Вдох, выдох — стекло запотело от дыхания, слегка смазав очертания фасада. Я мысленно дала себе подзатыльник: за нерешительность. Я никогда не была такой.

И не хотела быть. Эта мысль отрезвила.

Я толкнула дверь — лицо сразу обдул прохладный весенний ветер. Под каблуками тихо поскрипывала дорожная плитка. Сначала сделав не уверенный шаг, другой.

Рука с ключами опустилась вдоль тела. Все было слишком тихо — только мой собственный, слишком громкий вдох. Я подняла голову и посмотрела по сторонам. Соседние дома казались такими же пустыми — если бы не едва уловимое шевеление занавесок.

Местные жители были людьми любопытными. Стало неловко от мысли, что кто-то мог наблюдать за этим спектаклем под названием «нерешительная женщина и её экзистенциальный кризис на пороге».

Может, кто-то уже прильнул к занавеске, делая ставки — войду или уеду. Может старая миссис Андерсон, чья жизнь крутилась вокруг сбора сплетен — уже достала телефон, готовясь обзвонить подруг и сообщить, что я вернулась. Но, конечно, не в положительном ключе?

Я поджала губы, тряхнула головой и, наконец, решилась.

Ключи с лязгом вошли в замок, повернулись с небольшим усилием — будто и дверь не сразу признала во мне блудную хозяйку.

Дверная ручка была прохладной.

Щелчок.

Толчок плечом — дверь неохотно поддалась, впуская меня внутрь. Тишина, пропитанная застоявшимся воздухом, слабо отдающим пылью и древесиной, окутала меня.

— Ну здравствуй.

Половицы поддались под ногами, чуть скрипнув — когда-то этот звук был привычным, почти незаметным, а теперь казался слишком громким.
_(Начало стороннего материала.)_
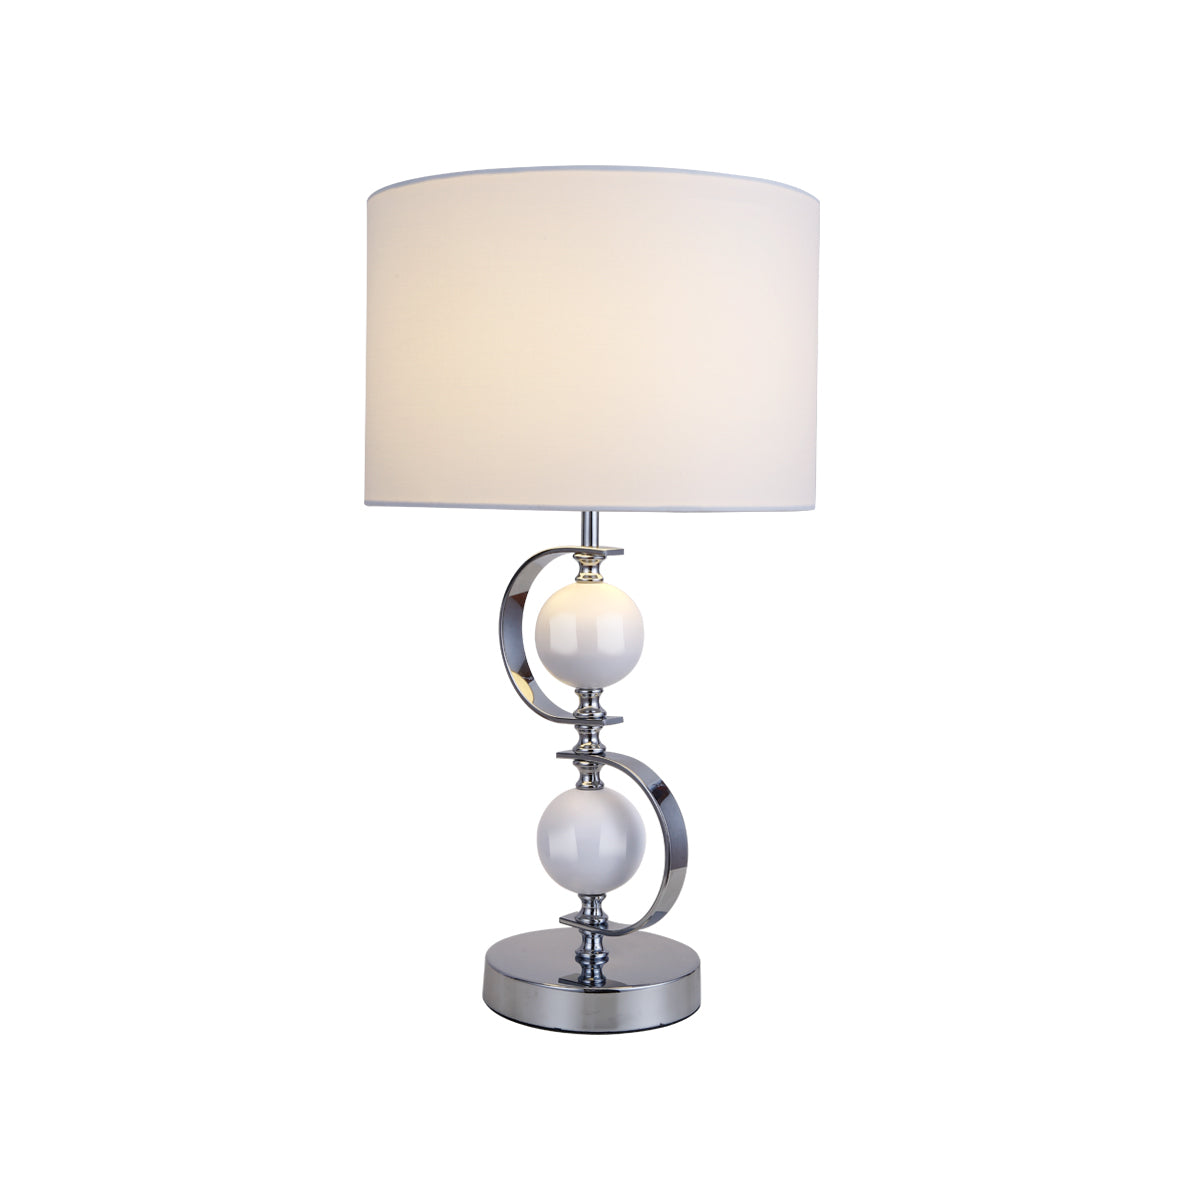 Rialto White Modern Elegant Table Lamp

Я неосознанно задержала дыхание, прислушиваясь к дому, как когда-то в юности, прокрадываясь по коридору, чтобы улизнуть на очередную вечеринку. Конечно, тогда почти всегда не выходило. Мама, словно предчувствующая подобное, резко включала светильник в гостиной. В своей фирменной позе, восседала на кожаном кресле и смотрела так, что думалось, будто это твой последний день на белом свете.

Глава 4

Ранее утро.

И вот я здесь… спустя столько лет, я снова стою, нерешительная, сжимающая букет цветов в руке.

Кованая калитка издала писклявый скрип, режущий слух, открылась. Старая каменная дорожка вела сквозь ухоженные ряды. Каблуки утопали в гравии, негромко хрустящем под ними. Ветер лениво раскачивал ветви деревьев. Лёгкий утренний туман.

И этот запах… сырого мха, утреннего дождя.

Неподалёку слышался тихий колокольный звон — глухой, пробуждающий воспоминания.

Кладбище было тихим. Слишком ранним — для тех, кто горюет. Но — идеальным для тех, кто вспоминает.

Идеальный момент. Когда лишний раз не будешь вздрагивать от плача, эхом разносящимся по холму.

Я шла медленно. Намеренно, не желая приближать этот момент. Было ли это эгоистично? Возможно…

Его могилу трудно было не узнать. Даже простой надгробный камень — он единственный привлекал внимание. Тёмно-серый. Аккуратные буквы, до дрожи в руках знакомая дата.

Гарри Джонсон.

Но…

Всё не так…

Могила отца, была ухожена. Камень без налёта — снесенных за многие прошедшие года листьев. Их не было.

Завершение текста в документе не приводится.